** PROBLEM **
Go through the entries below and print, exactly, the lines starting at the one with "Today is a mileSTONE" and ending at the one with "March - Aquam", keeping both ends and no others.

** RECORDED DATA **
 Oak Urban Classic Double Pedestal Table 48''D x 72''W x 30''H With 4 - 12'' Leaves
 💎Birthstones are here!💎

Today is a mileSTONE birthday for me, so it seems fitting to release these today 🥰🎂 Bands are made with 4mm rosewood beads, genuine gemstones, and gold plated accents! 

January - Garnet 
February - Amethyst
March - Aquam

* * *

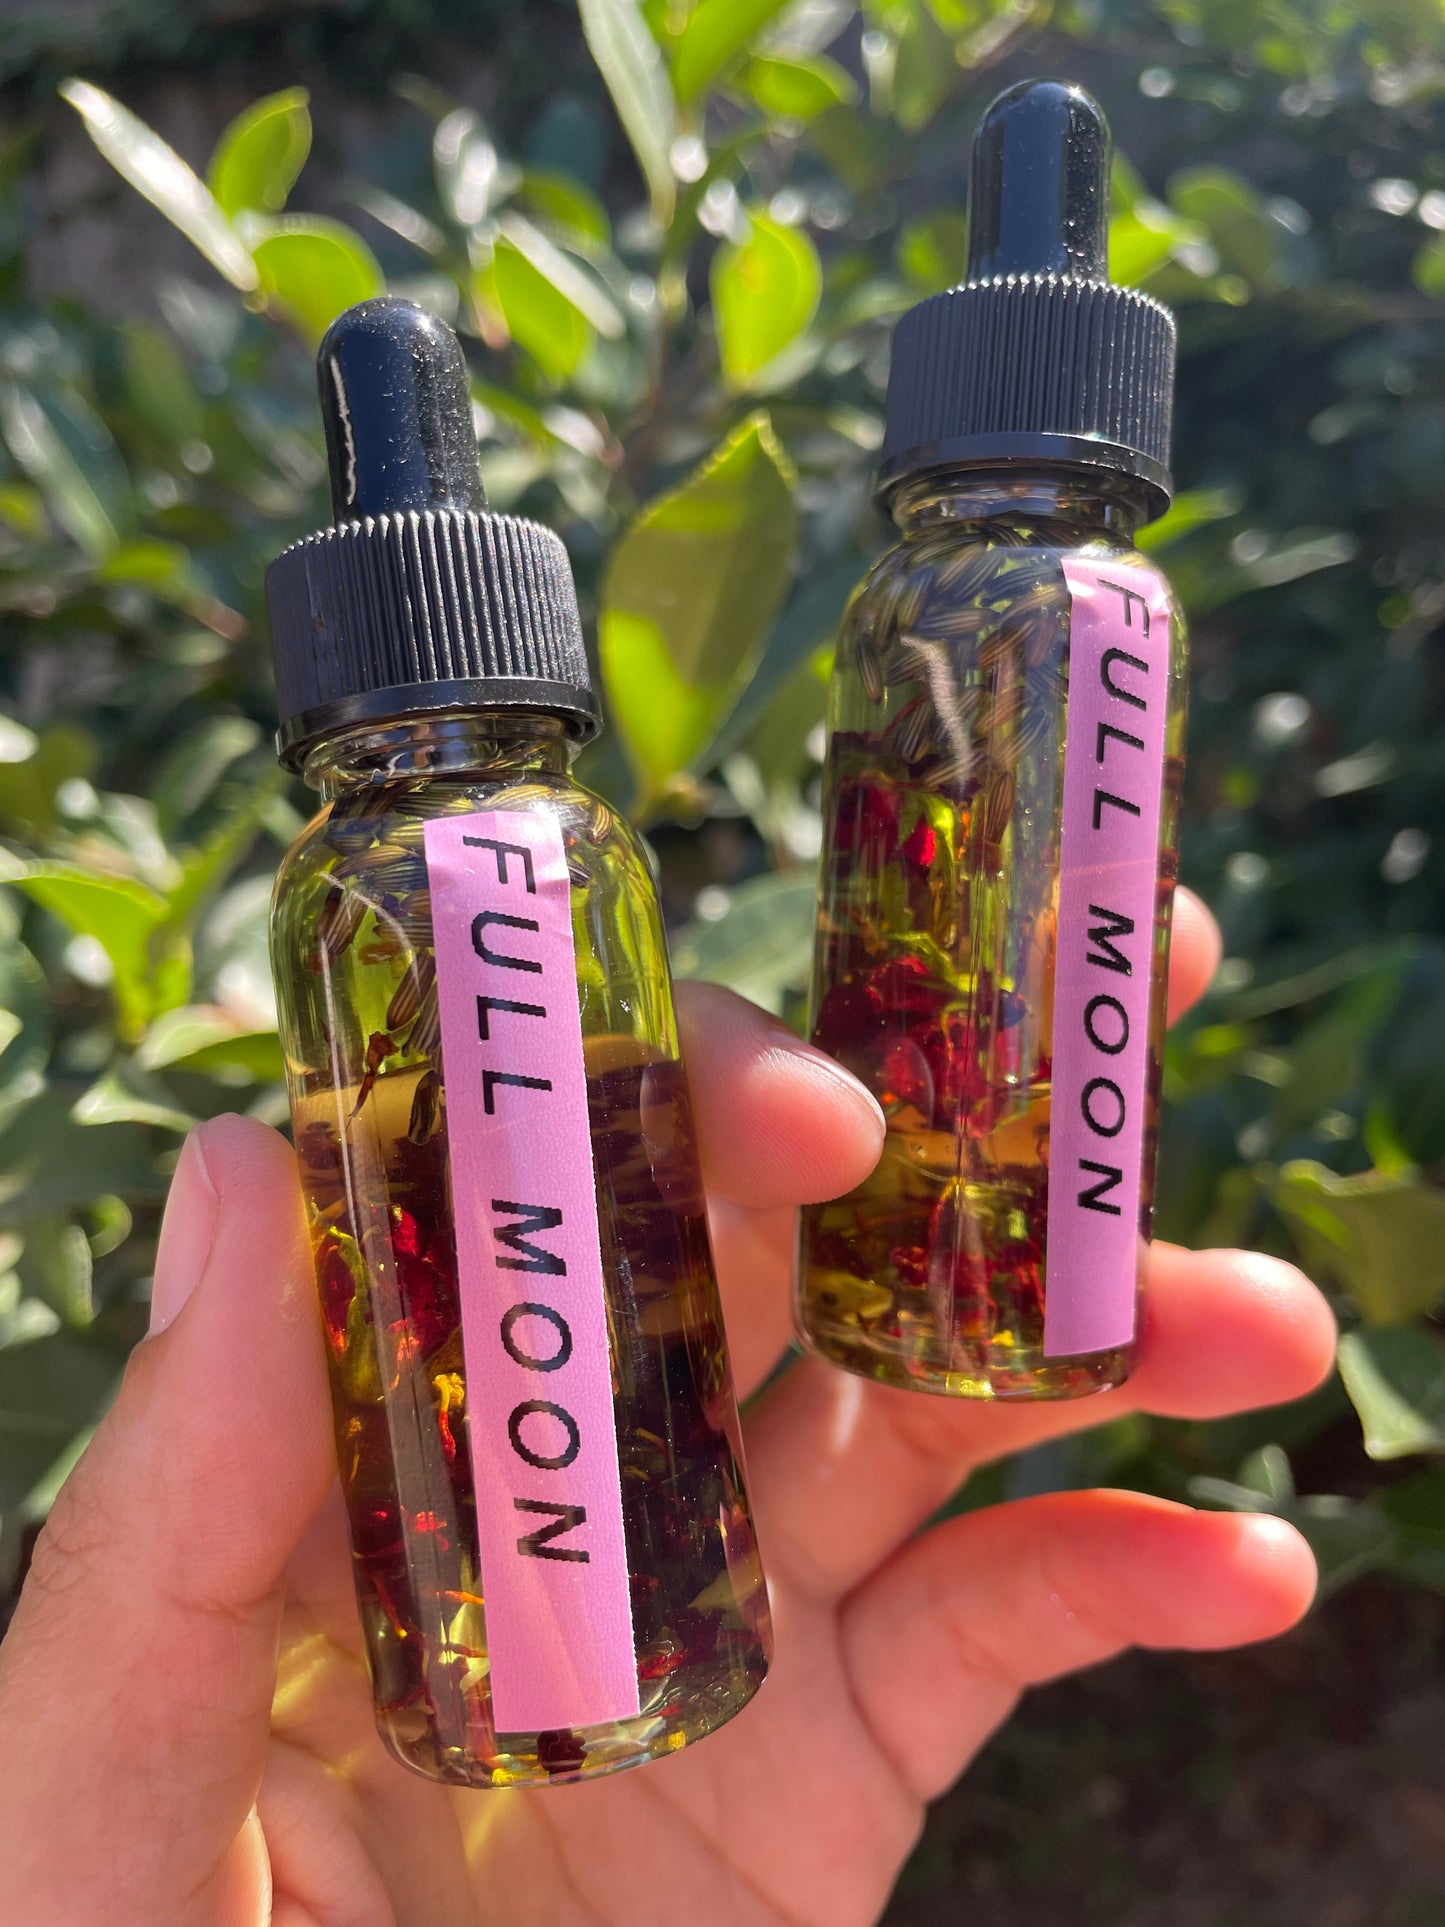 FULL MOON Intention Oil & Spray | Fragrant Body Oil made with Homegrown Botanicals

** WRITTEN RESPONSE **
Today is a mileSTONE birthday for me, so it seems fitting to release these today 🥰🎂 Bands are made with 4mm rosewood beads, genuine gemstones, and gold plated accents! 

January - Garnet 
February - Amethyst
March - Aquam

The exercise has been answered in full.